Kelle - MIL is outrageous - she is lucky you did not flip out ... I think I would have lost it!

Had my scan today and there is another wiggly April baby on the way! Legs and arms were going as well as some full body waves smile we also heard the heartbeat and the nuchal measurement was 1.2 so feeling much less worried now.

Due date changed to 3rd April and I am now officially 12 weeks and 2 days : )

LoobyLou33 Fri 21-Sep-12 20:03:58

I have been saved by a kedgeree cooked by DH. The first meal I have enjoyed in a month! grin

Oh yes, the emotions...I couldn't watch a paralympics advert or event without crying!

People were posting about dreams...2 nights ago I dreamed I was going to a wedding, but explained to the hosts that as DC2 was due that day, we'd need to make sure there was some mashed potato and carrot available at the reception for him/her as they'd be hungry. I was obviously expecting to give birth at the wedding! NB This is nothing on the sleep-deprivation dreams you will have with a newborn!

10 + 1

Pebble2012 Fri 21-Sep-12 20:24:09

smile LikeCandy keep me posted! I am fighting with my tears every time I think of the scan..even now...hormons I quess...

11 wks: Your baby is now around 4cm(1.6in)long, about the length of your thumb.He or She has 20 tiny tooth buds, as well as toenails and fingernails.Altough we cannot feel it yet the baby is already kicking,streching and moving around. How sweeet..

usernamegoeshere Fri 21-Sep-12 20:42:57

so tired... so, so tired. I'll be off now till Oct 1st I think which is quite good since it means I might be a bit distracted before scan. So I hope everyone has a nice week with more great scans!

angeltattoo Fri 21-Sep-12 21:32:27

Hi all,

Marking my place on our third thread!

magictorch you H sholdn't be refusimg to consider anything else; my husband and I have a rule, if one of us likes/wants something and the other doesn't, we continue to discuss until we reach a compromise that both of us are happy with - that's how a partnership works!

A lot of people, including a friend who visited a psychic, thinks we're having a boy, I started off thinking girl, now I don't know!
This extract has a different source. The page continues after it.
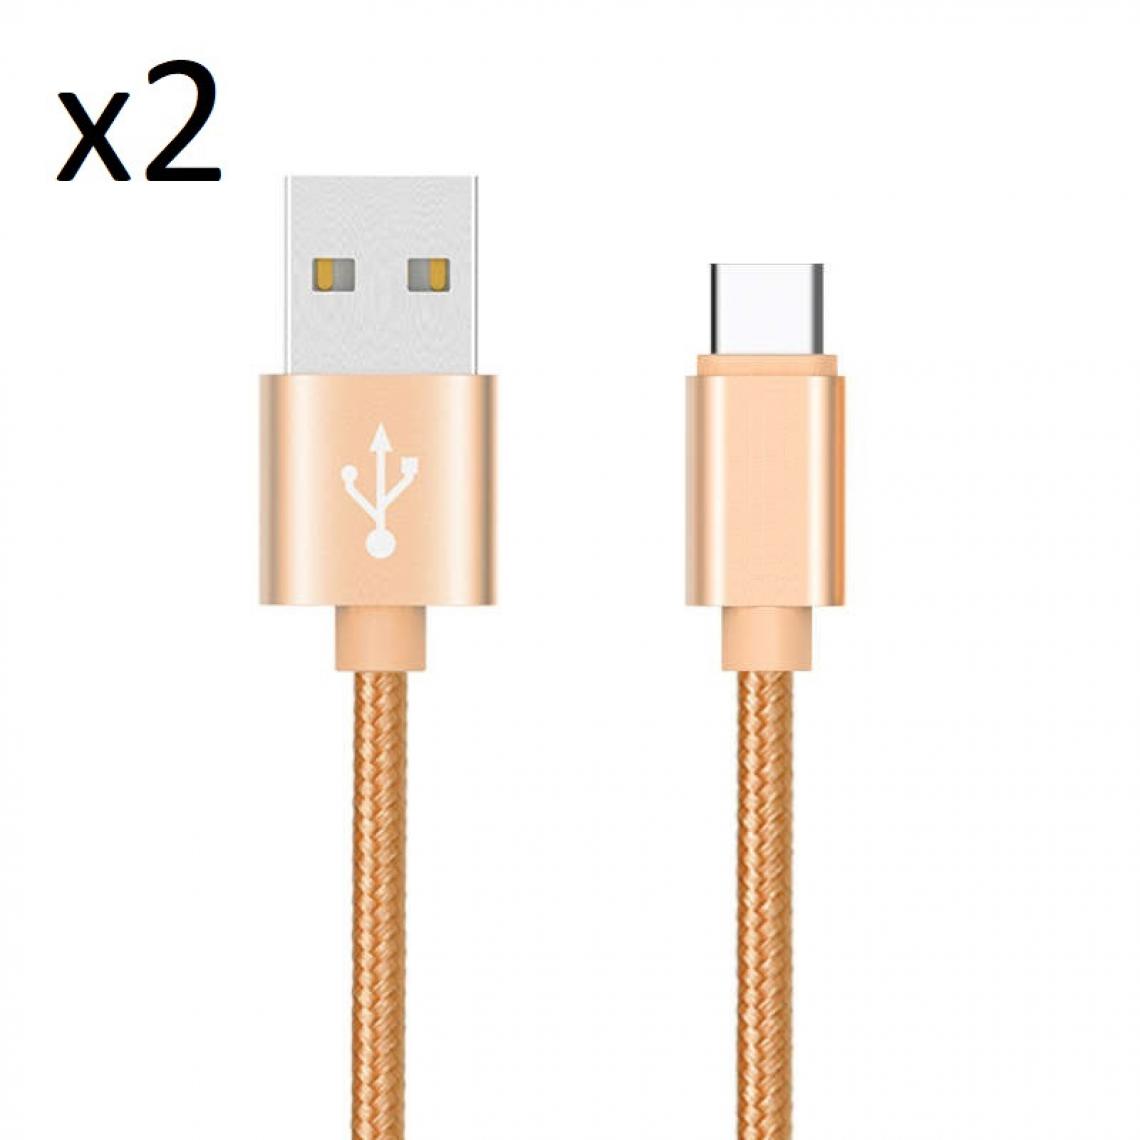 Shot - Pack de 2 Cables Metal Nylon Type C pour ASUS ROG Phone II Smartphone Android Chargeur (OR) - Chargeur secteur téléphone

We really just want a safe birth and healthy baby, previously we have said that H would love a boy, I would love a girl, but ultimately now we're actually having a baby we will of course love whatever is coming!

And yes to PP, I love the baby already, and my husband turned around earlier this week and said the same thing, so sweet - he's amazing!

Have been very sick today, it's my birthday tomorrow, but no champagne for me!

angeltattoo Fri 21-Sep-12 21:37:57

Sorry magictorch reading that back sounds harsher than I meant it to, it is lovely that your H wants to remeber and honour his friend, but I just meant that you need to be happy too!

We are looking at moving at the moment, every house we look at, H says 'baby in box room, big room for guests', which I think is ridiculous - why would you put your child, who lives in your permanently, in a tiny room, and guests which we will never have, as we are moving to the same town where both our families and all of our friends live in a big room? But like you say, there are many months to work on him!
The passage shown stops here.